It is not long before Harry finds them, Lily dozing on the headrest of the sofa and Teddy with his book on his face, staring at a small-printed letter L and thinking about his father, as he usually does when he reads. Teddy knows that perhaps he contemplates his parents more than is healthy, but whenever he brings it up with Harry the latter always dismisses these notions with a sympathetic smile and a touch on the shoulder, declaring them perfectly sound. He is blessed, Teddy thinks, to have been raised by someone who understands him so completely.

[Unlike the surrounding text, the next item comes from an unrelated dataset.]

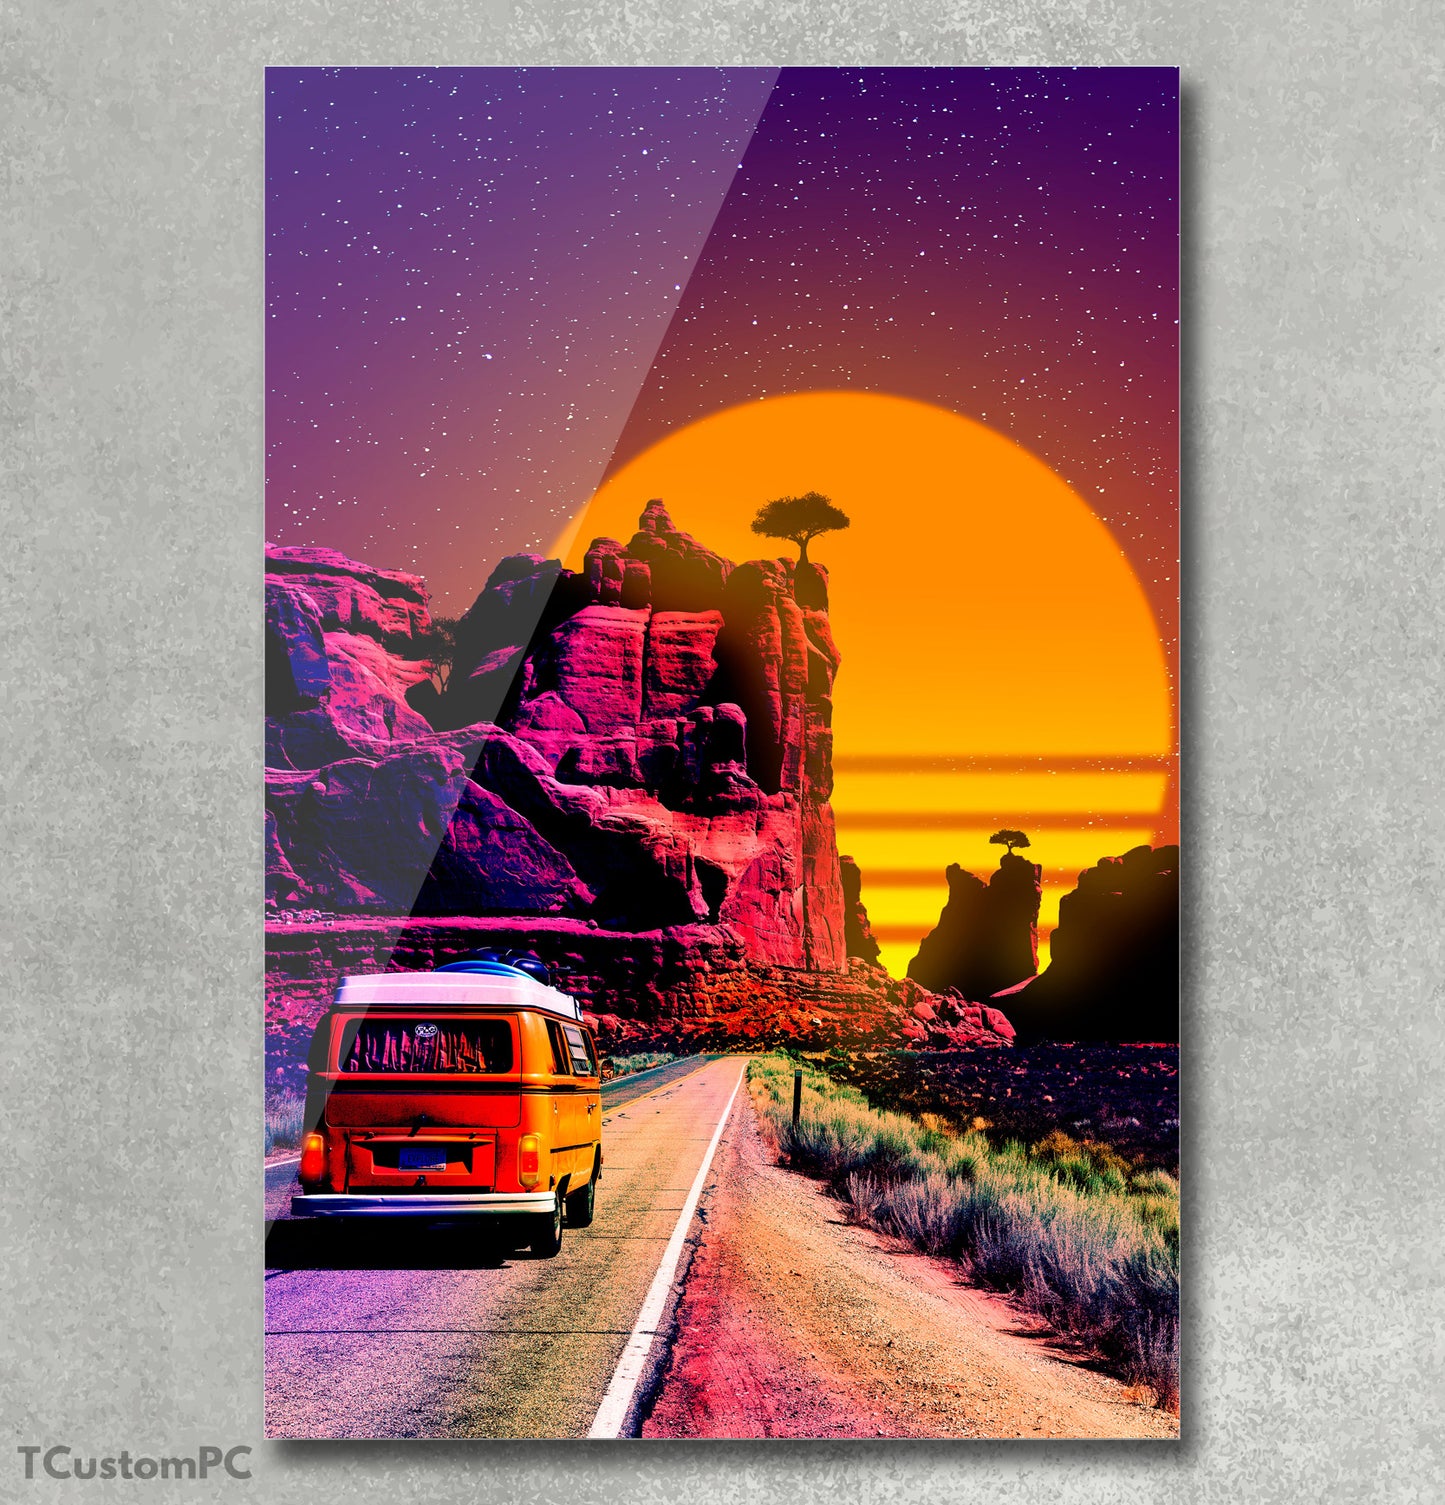 "Driving under sunset Cliff" painting

"Your hair has turned brown – it suits you," Harry's voice indicates from the door. Lily jerks awake, wiping drool off her chin groggily. Teddy emerges from behind the book and casts a strained eye up to his mop of hair, which has indeed turned a faint shade of sandy brown. Another regular occurrence he is slightly embarrassed by. He concentrates for a second and it assumes its usual lavender purple, chestnut brown where it is cropped short on the sides. Harry approaches him, an eyebrow raised. "Did you raid Ginny's closet _again?_ You weren't wearing that when you arrived."

Teddy sits up and smooths out one of Ginny's summer dresses, white with pink and green and yellow flowers. "You'd think I'd be able to restrain such a habit considering I keep to myself while I'm here," he says ruefully. "But she truly has an exceptional wardrobe – she is only lucky I do not take anything home with me."

Harry nods seriously. "There is that. Are you two coming downstairs? The Weasley's are here."

Teddy closes his book and leaves it on the sofa with his glasses to return to later. He and Lily follow Harry downstairs where they are met with a detonation of twenty Weasley's, a flurry of greetings and yelps of excitement in the main sitting room, a blur of noise as everyone tries to say hello to Ginny at once. For a moment, Teddy cannot discern which Weasley is which, and his hair almost turns ginger from the impact. At the foot of the stairs, Lily spots Rose and plunges through to her, barrelling her cousin down in a hug.

There are shrieks of 'happy birthday' at the sight of Harry emerging with his children and Teddy ducks out of the way as Hermione bursts from the crowd of redheads, threatening to knock over a vase in her eagerness to embrace him tightly. Mrs Weasley is next in line, showering Harry with hugs and kisses.

"Okay!" Ginny screams over the top of her boisterous family. "Let's take this havoc outside, people!"

It is like a rock concert, Teddy thinks with amusement as everyone unanimously squeezes through the kitchen and out the back door where there are tables and chairs enough to accommodate the entire party. Only Percy's daughter, Molly, falters behind. Teddy merges his steps with his friend, having not seen her for weeks, for she is always busy and always in a fluster to get things done.

"How has your summer been?" he asks politely, greeting her with a kiss on the cheek and preparing himself for her typical onslaught.

"Oh, not too bad," she says airily, sounding out of breath already as they walk through the kitchen. "I've been working tirelessly, of course, trying to interview all these people; I'm putting together an article about what _really_ happened during the Battle of Hogwarts because publishers have been raving about all the current stories being inaccurate. And I've got the family to amend facts and deny falsehoods, so I took up the job immediately. I'm dreadfully excited to get started. I asked mum if I could interview everyone today, but she told me to let people actually enjoy Uncle Harry's birthday, so I suppose I'll have to come around another time and do the interviews then. But I've been permitted two weeks off for the summer, so I might take some of that time to fit in a little extra work. It'll be strange, doing nothing, but rejuvenating, I suspect." She pushes her large round glasses up her nose, beaming at Teddy. "How's your summer so far?"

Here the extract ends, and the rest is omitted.